Tactical vs Strategic Design
Last time, I wrote some about initial design work for putting together a graph visualization library. I've made a little progress, then got stuck (mentally) on interactivity. Here's a little about that process.
The Problem
In the future, I expect this graphing library to have somewhere between "some" and "quite a few" nodes, any of which can be visible at any given time. The challenge is figuring out which, if any, are clicked on.
Solutions
Most of the libraries that I've worked with have some kind of event handler which contains information like what kind of event was generated, where and any other state data.
For example, you might get something that translates to: "The user pressed the left mouse button down 392 pixels from the left most part of the window and 107 pixels from the top." As I want this library to have interactivity, i.e., do something when you click the left mouse button, I need to be able to handle this information and correlate it with the current stuff on the screen. In my case, that stuff translates to rendered drawings of nodes and arrows, maybe with some panning behavior to enable you to look through the whole graph.
The standard way of doing this, as gathered by perusing the source code of a few pygame-based widget libraries, is to simply iterate through the various rectangular bounding boxes of objects in the scene and see if any have an intersection with the event location. As someone who dabbles with performance optimization, this struck me as an O(n) problem and therefore not fast enough.
The next thing that came to mind was to use something like a sparse quadtree that executes in something like logarithmic time, which would be much better, especially considering that I intend to eventually have some kind of pan/zoom interface and hundreds of nodes.
I hemmed and hawed about this for a bit and dug through some more source code. Someone must have already implemented this in the graphics libraries (not that I could find, per the above), but I searched anyway. I'm sure that there is a Python library for processing sparse quad trees, but I had hoped it was already integral to the widget libraries.
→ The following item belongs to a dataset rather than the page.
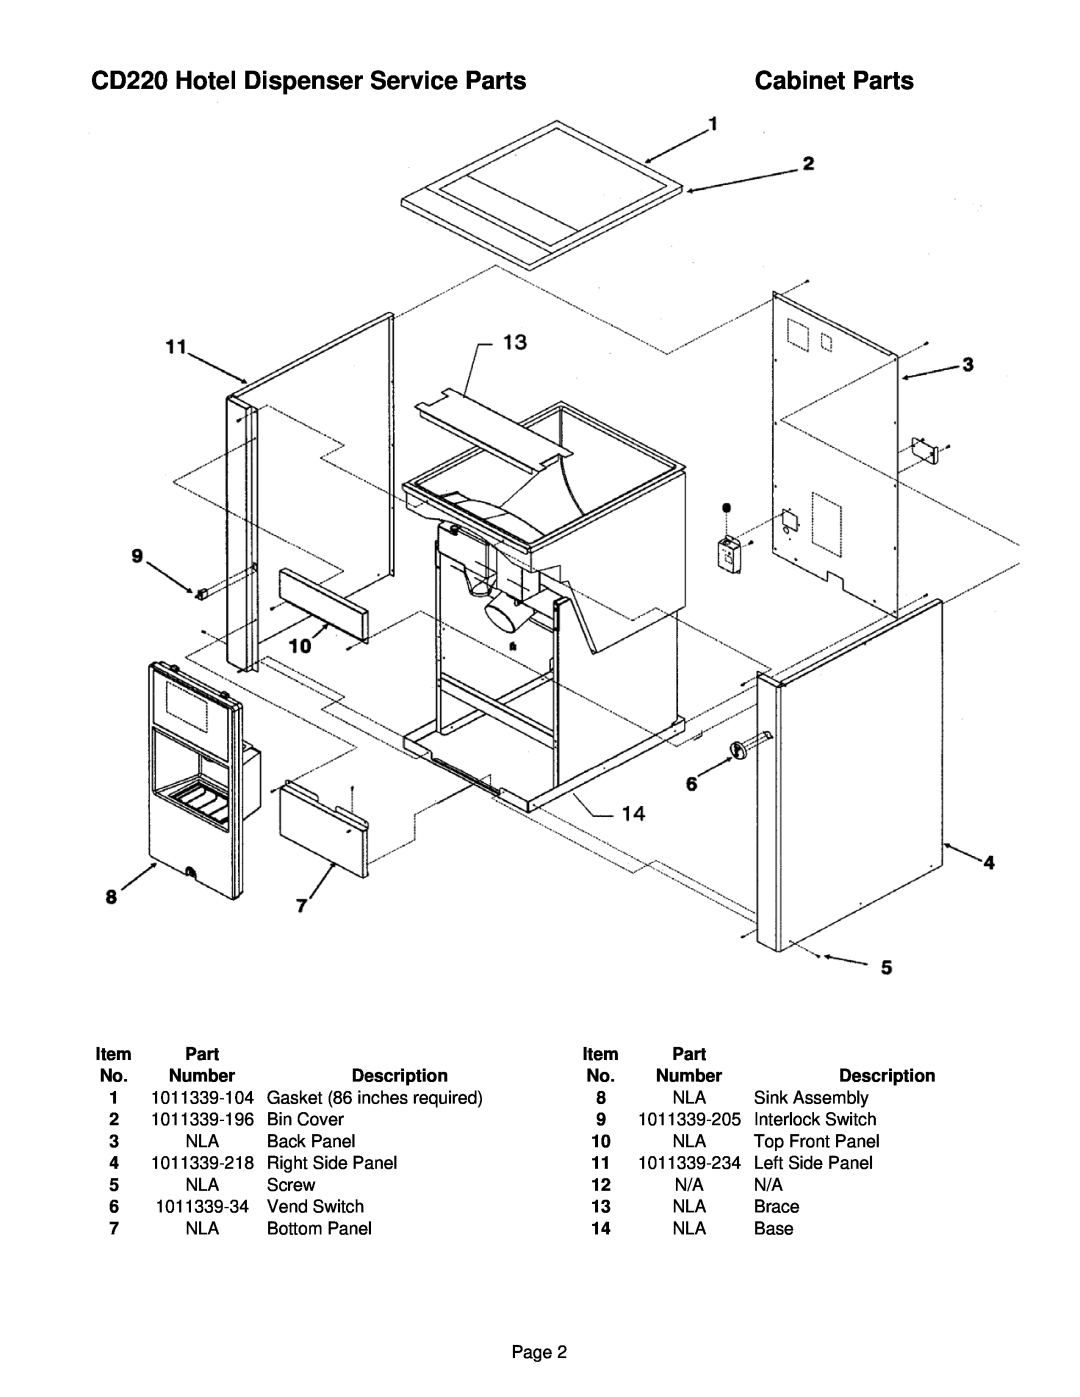 Ice-O-Matic manual CD220 Hotel Dispenser Service Parts, Cabinet Parts, Number, Description 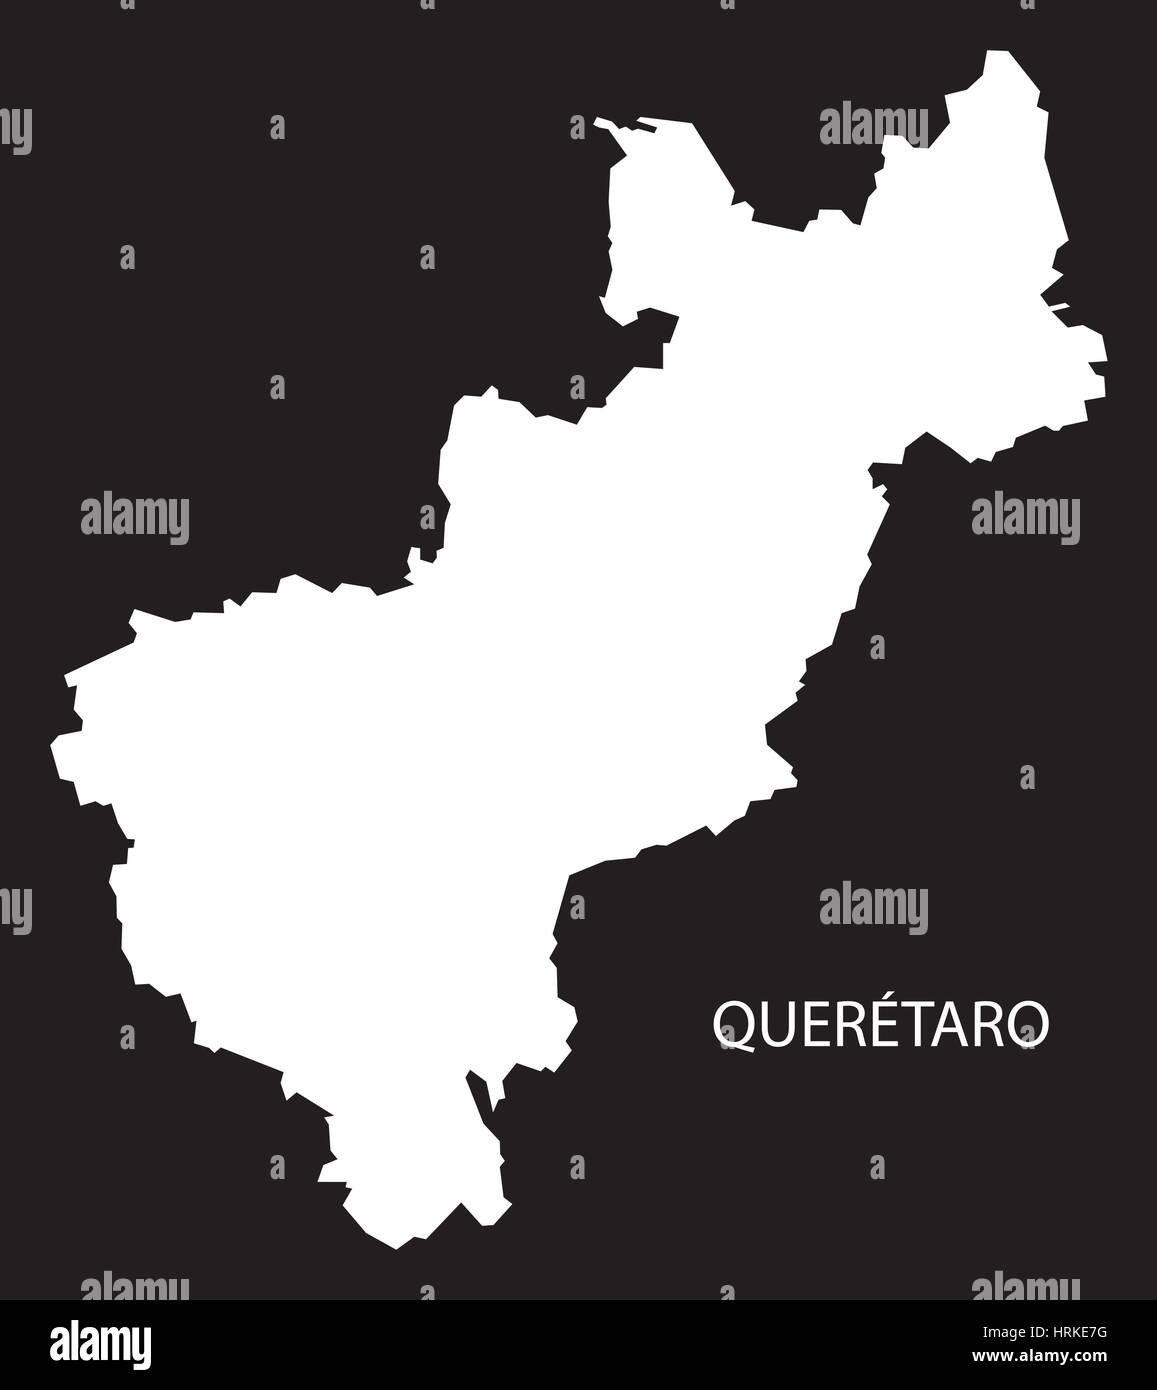 Queretaro Mexico Map schwarz invertiert silhouette Stock Vektor

Then, of course, I realized that I was committing the cardinal sin of programming. I thought back on the original design constraints - developer speed, rather than anything else - and realized I was prematurely optimizing.
While switching the click/check interface from one which takes a collection of nodes (and their bounding boxes) to one which takes a quad tree (or something similar) will require some rewrite and additional state management in the future, it's still probably better than to not get there at all because of undue consideration for performance when the initial node set will probably number in the tens. In short, O(tens) is not worth worrying about when T(tens) is milliseconds at worst (and the fastest monitors I'm likely to encounter need a refresh period of about 8 milliseconds).
Conclusion
For now, I'm just going to use a linear registry (list) for this kind of stuff and treat it as semi-global state (probably encapsulated in whatever world/graph engine keeps the whole thing stitched together). I'd prefer to make it more efficient, but if there's already a function to do 'click in box' collision detection, it's worth reusing.
Thanks for reading!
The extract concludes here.